В самый разгар этих переговоров приехал из города сам Гордей Евстратыч и круто повернул все дело. По совету Алены Евстратьевны он прежде всего завербовал на свою сторону податливого о. Крискента. Как он его обошел – трудно сказать, но только в одно прекрасное утро о. Крискент заявился в пятовский дом, когда не было самого Нила Поликарпыча, и повел душеспасительную речь о значении и святости брака вообще как таинства, потом о браке как неизбежной форме нескверного гражданского жития и, наконец, о браке как христианском подвиге, в котором человек меньше всего должен думать о себе, а только о своем ближнем. Против этого противника Феня защищалась еще слабее, чем против Алены Евстратьевны, потому что о. Крискент не такой был человек, чтобы болтать зря. Притом та Божественная форма, в которую он облекал свою беседу, уснащая ее текстами Священного Писания и примером из жития святых, совершенно обезоруживала Феню, так что она могла только плакать украдкой. Девушка получила религиозное воспитание, – увещание о. Крискента производило на нее подавляющее впечатление.

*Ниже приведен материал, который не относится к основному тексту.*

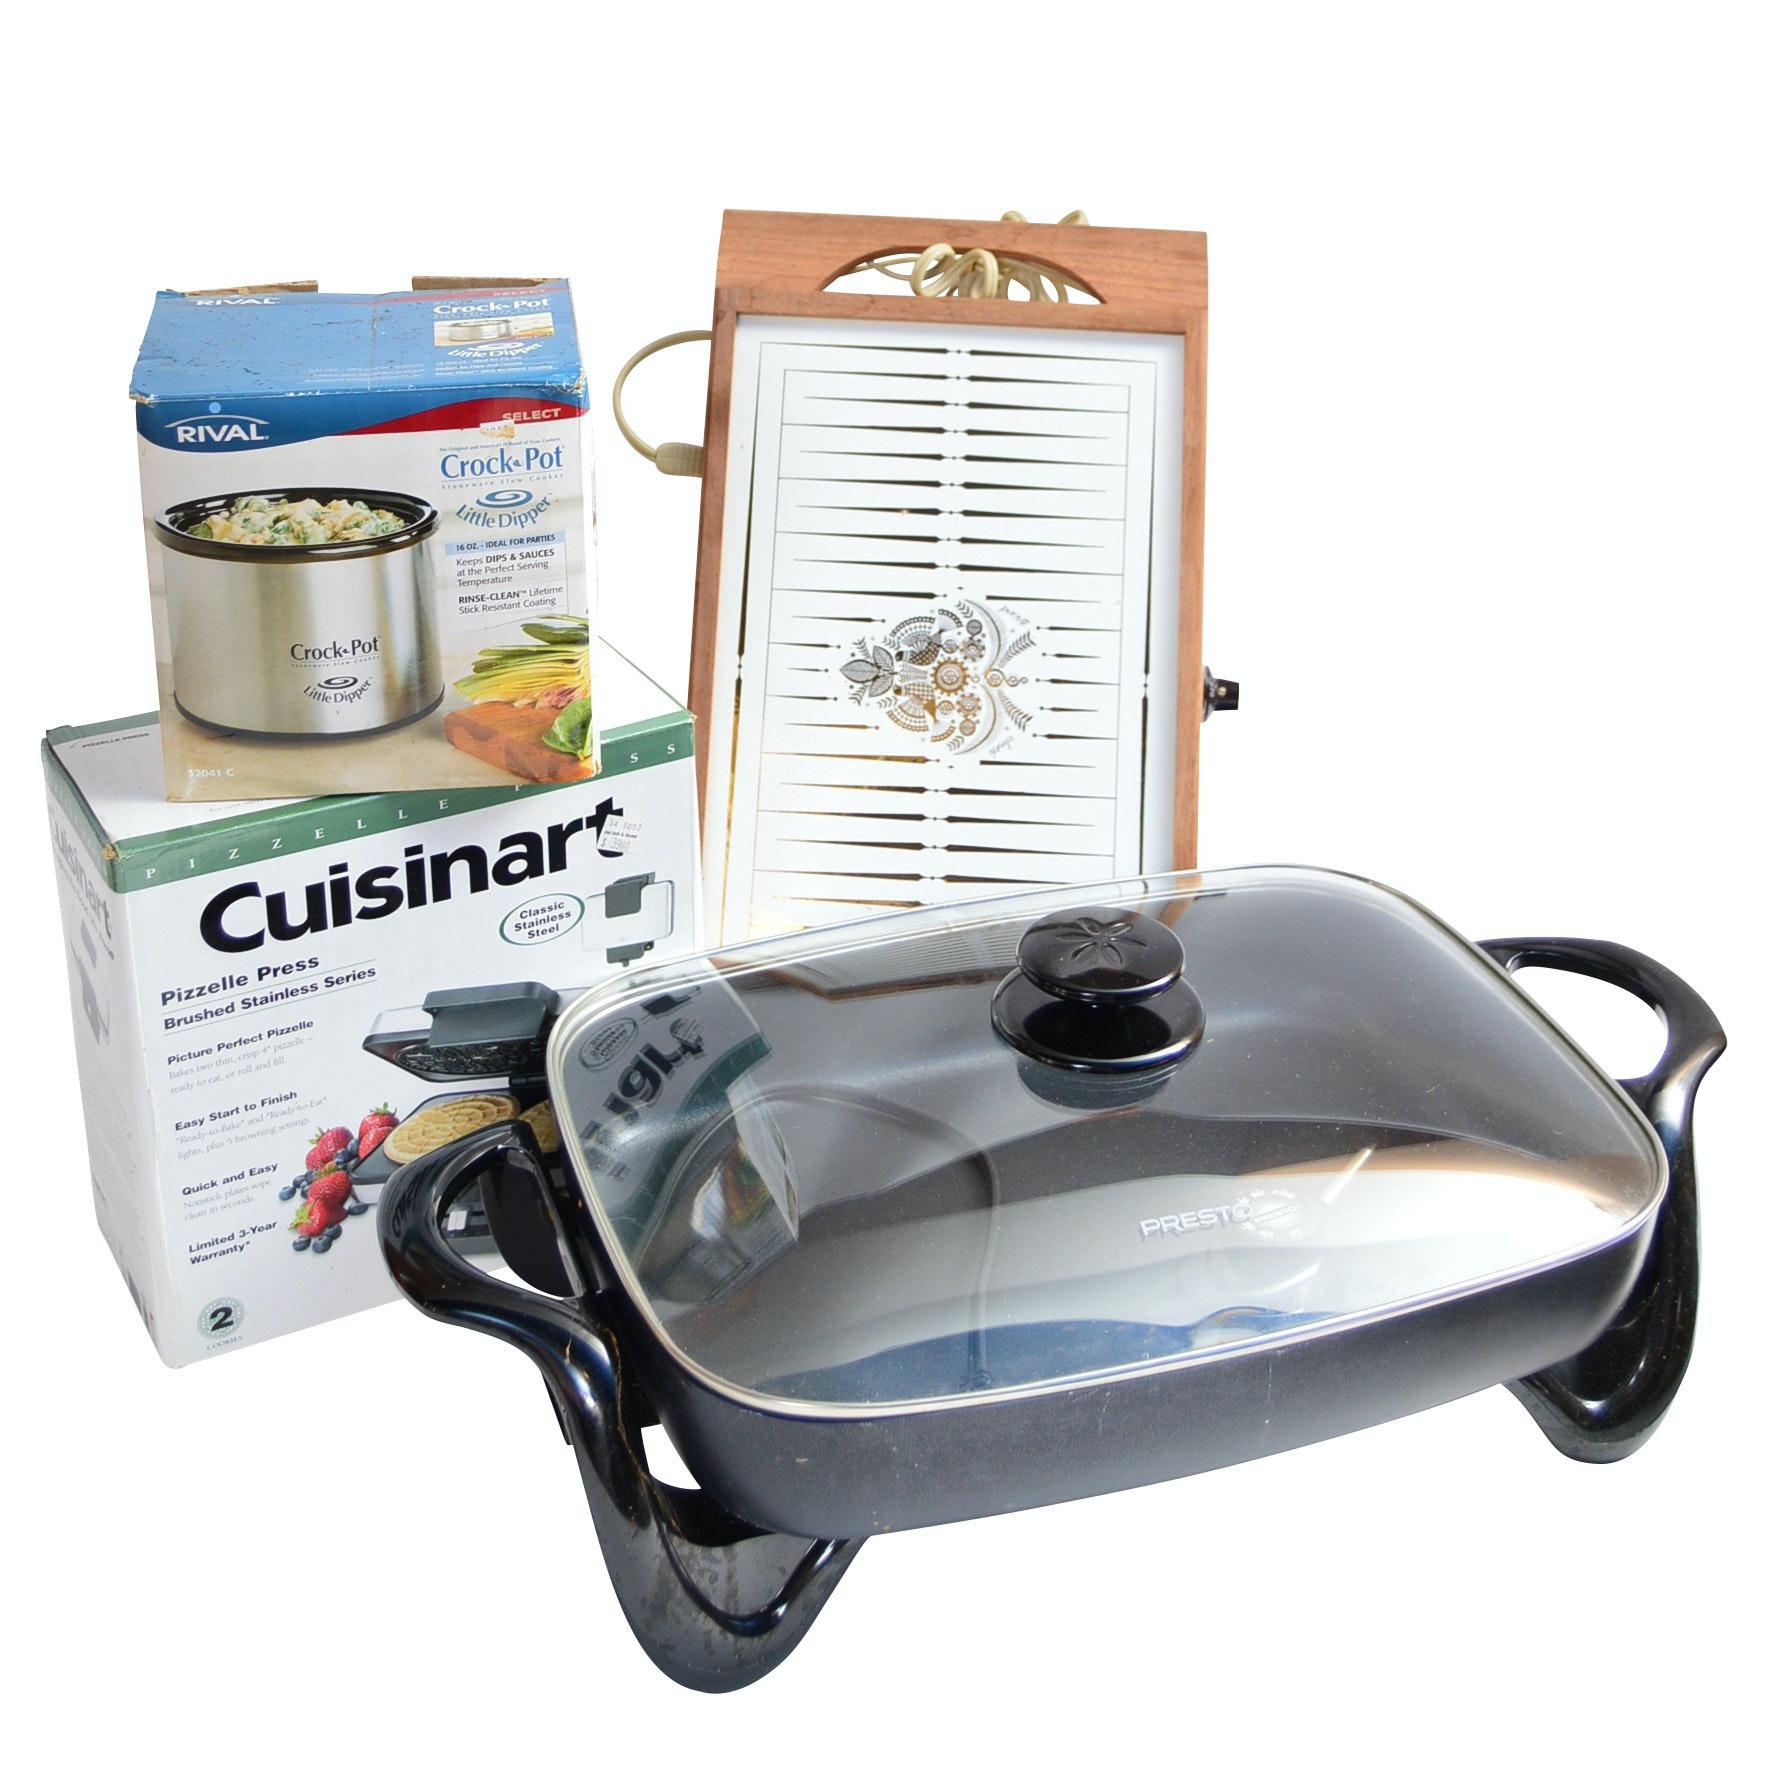 Kitchen Appliances with Presto Skillet, Crock-Pot, Cuisinart and Briard Warmer

– Необходимо присовокупить еще следующее, – говорил о. Крискент, расстегивая и застегивая пуговицы своего подрясника. – Кто есть истинный раб Христов? Неусумнительно, тот, который несет крест… Все мы должны нести крест. А твой крест, дитя мое, заключается в том, чтобы спасти не только целую семью, но еще через сокровища своего будущего супруга преизбыточно делать добрые дела многим другим людям… Может быть, через тебя возрадуются десятки сирых, вдовиц и убогих. Умягчая сердце своего супруга, ты научишь его благодетельному расточению сокровищ… Это будет христианский подвиг, и он тебе зачтется там, на небеси, где – ни старых, ни молодых, ни богатых, ни убогих. Молодость быстротечна, как вся жизнь; нужно заботиться о будущем, прозирать в загробную жизнь.

– Батюшка, я боюсь… – откровенно признавалась Феня со слезами на глазах.

– Хороших дел не нужно бояться… Ты смотришь на брак с земными мыслями, забывая, что в этом мире мы временные гости, как путники в придорожной гостинице.

– А бабушка Татьяна, отец Крискент? Она меня проклянет…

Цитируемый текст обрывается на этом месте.